Pop groups captivate audiences through visuals and performance; editorial cartoons play a similar role in journalism. It is the main visual of the newspaper. Beyond its ability to capture attention at first glance, it is the only piece in the newspaper that can accurately deliver emotion, nuances, and genuine feelings of rage, anger, confusion, and happiness. But when this task is handed to Artificial Intelligence (AI), something essential is lost. AI can produce outputs quickly and in bulk, but never with the same human depth. Journalism cannot afford to automate its greatest asset: humanity.
Journalism Gave In
The onset of AI shook different sectors of the community – what used to be a desk for administrative aid is now another free space as AI took over. Dispensable and replaceable as easy as that. However, it is ironic that the industry where truth is first formed, opinions are shaped, and culture is enriched was subjected to infiltration of this idle technology.
Perhaps journalism has given in to technological demands, but it should never trade accountability and credibility for convenience. While AI can generate cartoons with a single click, that does not make it right. AI systems are prone to bias and misinformation, and if such flaws slip into publications, sincerity and truth are compromised. Tools like ChatGPT, Gemini, and other open-source models are not immune to errors, which is why constant verification and fact-checking are essential. Once machines dominate the spotlight, trust weakens and truth begins to erode.
As campus journalists, this is the last thing we want to happen, because we are tasked with creating a space where only facts and evidence-based information thrive. The newsroom cannot risk distorting reality or the lived experiences of Filipinos on the streets. If there is a misuse of editorial elements, can AI be held accountable? Can they be brought to trial should there be libellous tags in the cartoon? Obviously not, and this erodes public trust because one cannot just walk away from distortion of veracity.
Making it Humane
If put to the test, AI may match or even surpass human illustrators in speed and precision—but it lacks one thing: humanity. It cannot deliberately draw crooked lines to reflect chaos, exaggerate emotions to amplify outrage, or choose symbols that carry deeper cultural meaning. It can replicate patterns and styles, but it cannot judge the weight of the problems that each cartoon must confront.
Only a real cartoonist can grasp the intensity of the problems that we face every day and the decision making why there is a need to draw a salakot, or a crocodile, or simply a dove.
Let it be told that it is about time that we draw a dove, signifying freedom from technological imprisonment that impedes our full capacity to reflect because we are too drowned and dependent on it. We need to be free from its chains, otherwise, we’re simply reiterating what it wants us to say or illustrate, rather than thinking critically and rationally.
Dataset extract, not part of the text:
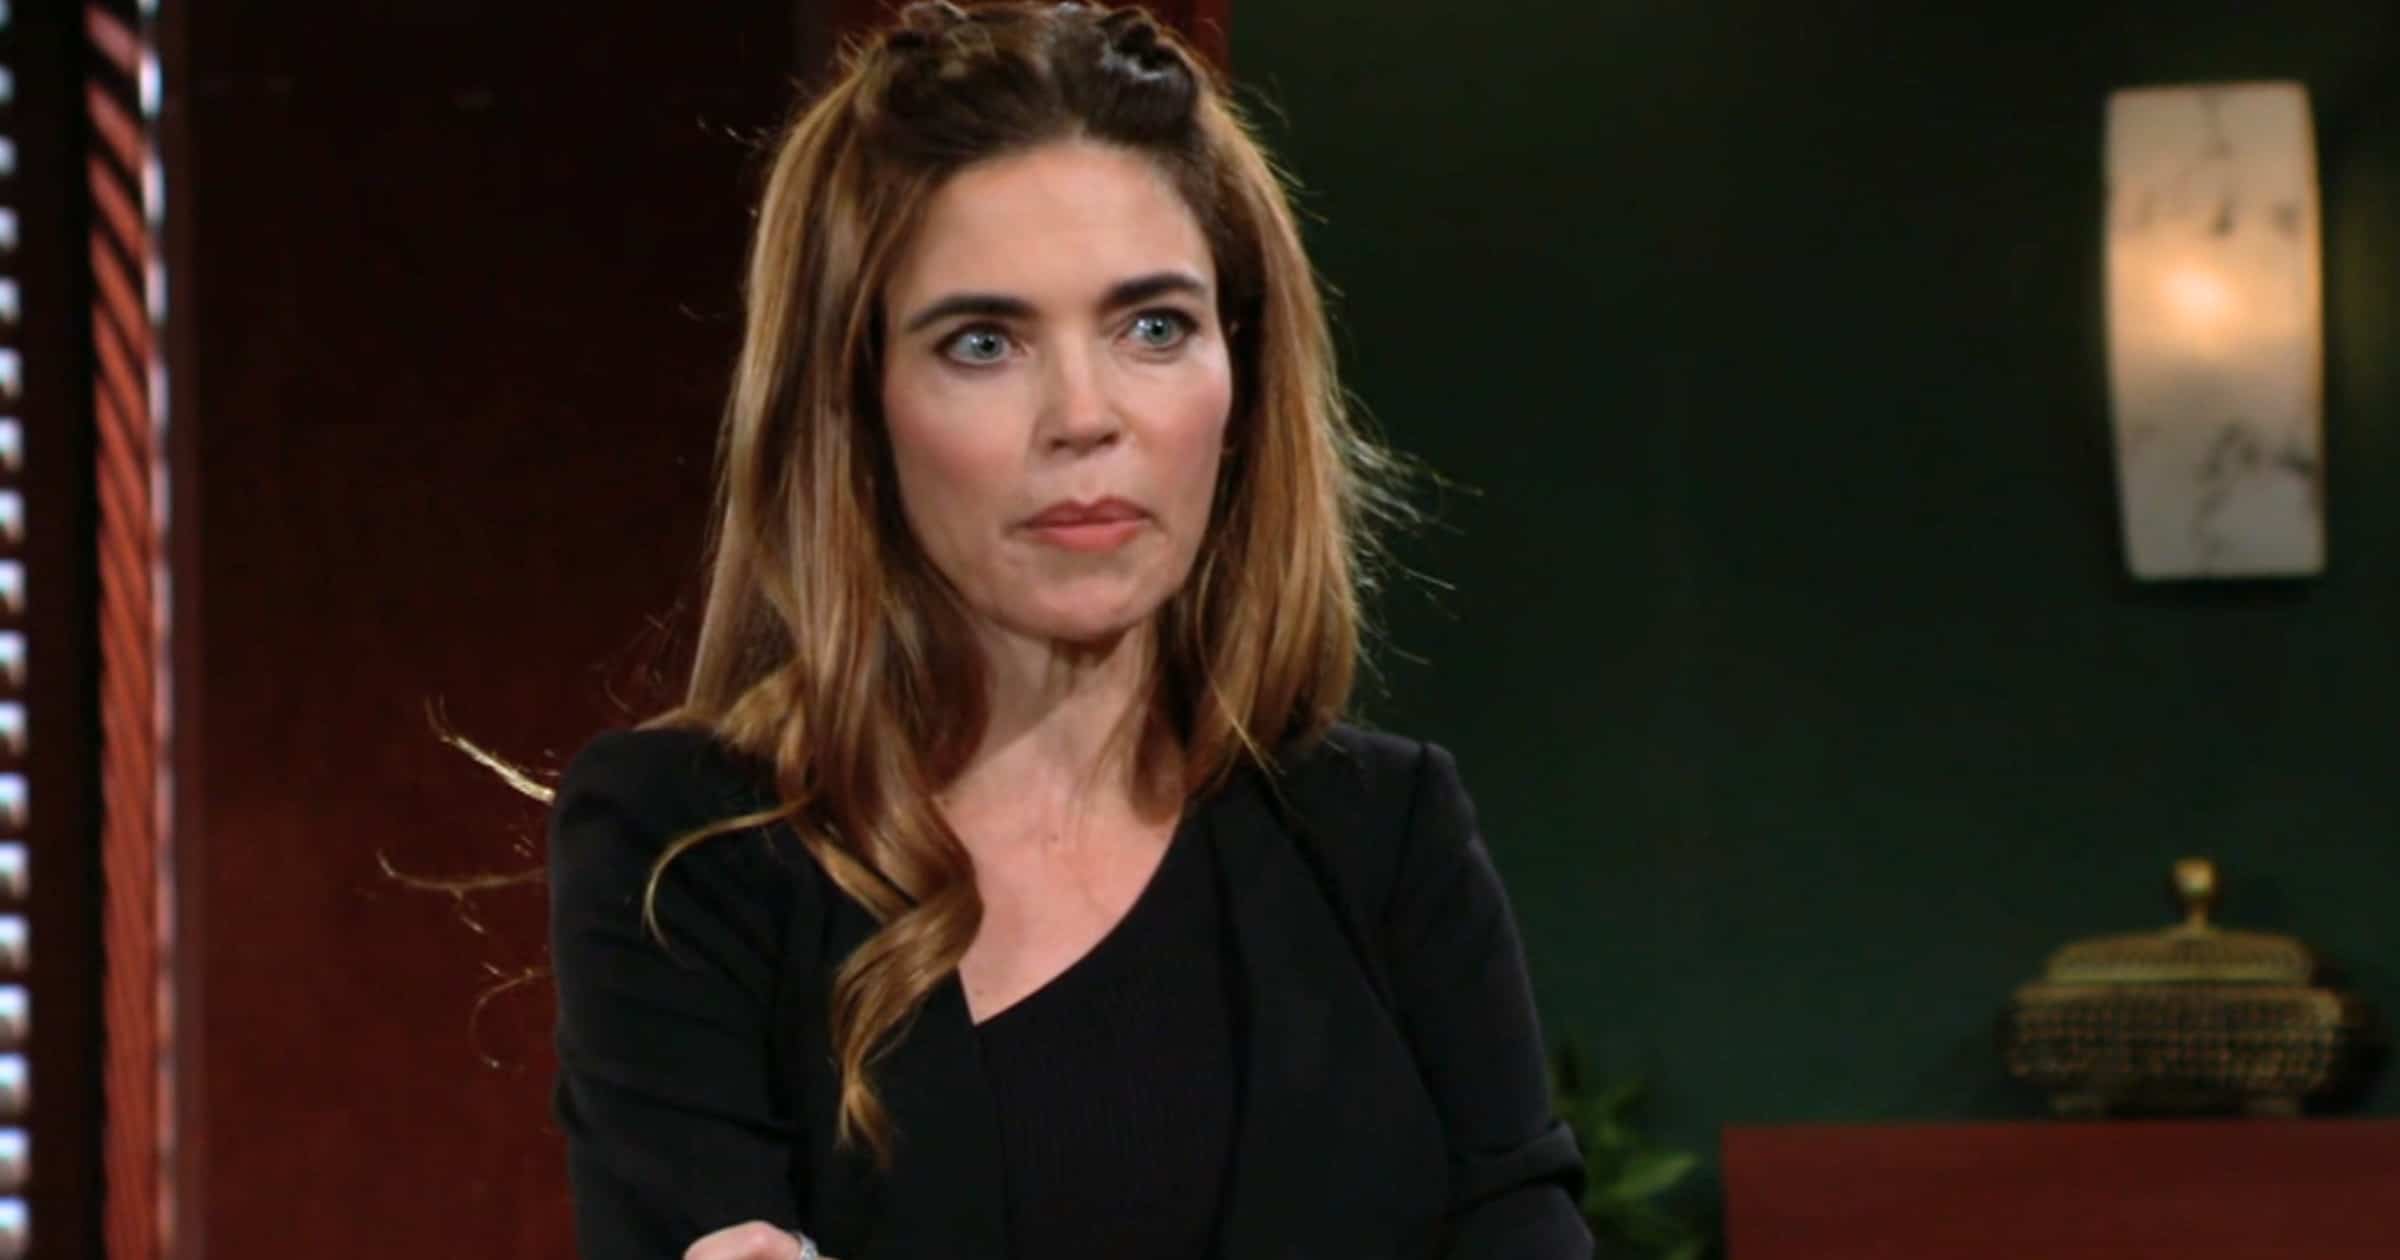 The Young and the Restless - Nov 14 - Victoria

In these trying times, publications need to remember that its duties go beyond production, it is about perspective. Because if it's just production of works, AI can reproduce as many in a snap, but the purpose of forming the readers’ societal awareness and sensitivity is our responsibility.
Beyond the Brush
The alarming use of AI in campus journalism needs more than just awareness and movement, campus journalists need to step up. True enough, campus journalists are hard to replace, but we can be, if we stay complacent and reliving the old, traditional works. Whether we like to face the fact or not, AI will stay, because it is meant to do that. We are not in the industry of removing it nor slandering it; we are in the industry of making sure that we don’t just deliver, we empathize. Journalism with no emotion and empathy is as bad as fake news, it is outright mockery and easily disposable.
AI arts and cartoons poses itself as a limitless canvas. It will continue to expand as long as there’s a prompt and few adjectives to tweak a work. “Make it livelier,” “Increase the size of the cartoon,” “Improve outlines and imboost characters” – simply put, and you now have the cartoon of your imagination.
However, the true glory of cartooning will be reignited if we think outside of the box. If they say the audience doesn’t care who made the cartoon, then we have to make them care! These stereotypes fuel the bigotry of shameless integration of AI in the systems of campus journalism without taking into account the authorship and the dignity of the writers and cartoonists. For once, these kinds of stereotypes and assumptions must be corrected as it will mark the beginning of real journalistic movement.
It is about time to break the norms of cartoons. Art doesn't always need to be colored with one stroke, colors don't always need to complement, and sometimes, it is perfectly fine to color beyond the lines. We have to pick up the brush and paint beyond what is expected because there’s a fight on the white canvas.
In the end, this battle is not about who can draw better, who can make their art realistic, or who combines elements perfectly. This is about which artwork has conscience. Editorial cartoons speak about social issues, it is aimed to relate to stories of suffering and hardships. It is about translating words into bubbles and caricatures enough to explain the realities of people everyday. These can only be achieved by an artist with conscience and vulnerability. A cartoon without a cartoonist is not art—it is merely a colored canvas lost in [AI]magination. The brush must remain in our hands, and we must never let it slip away.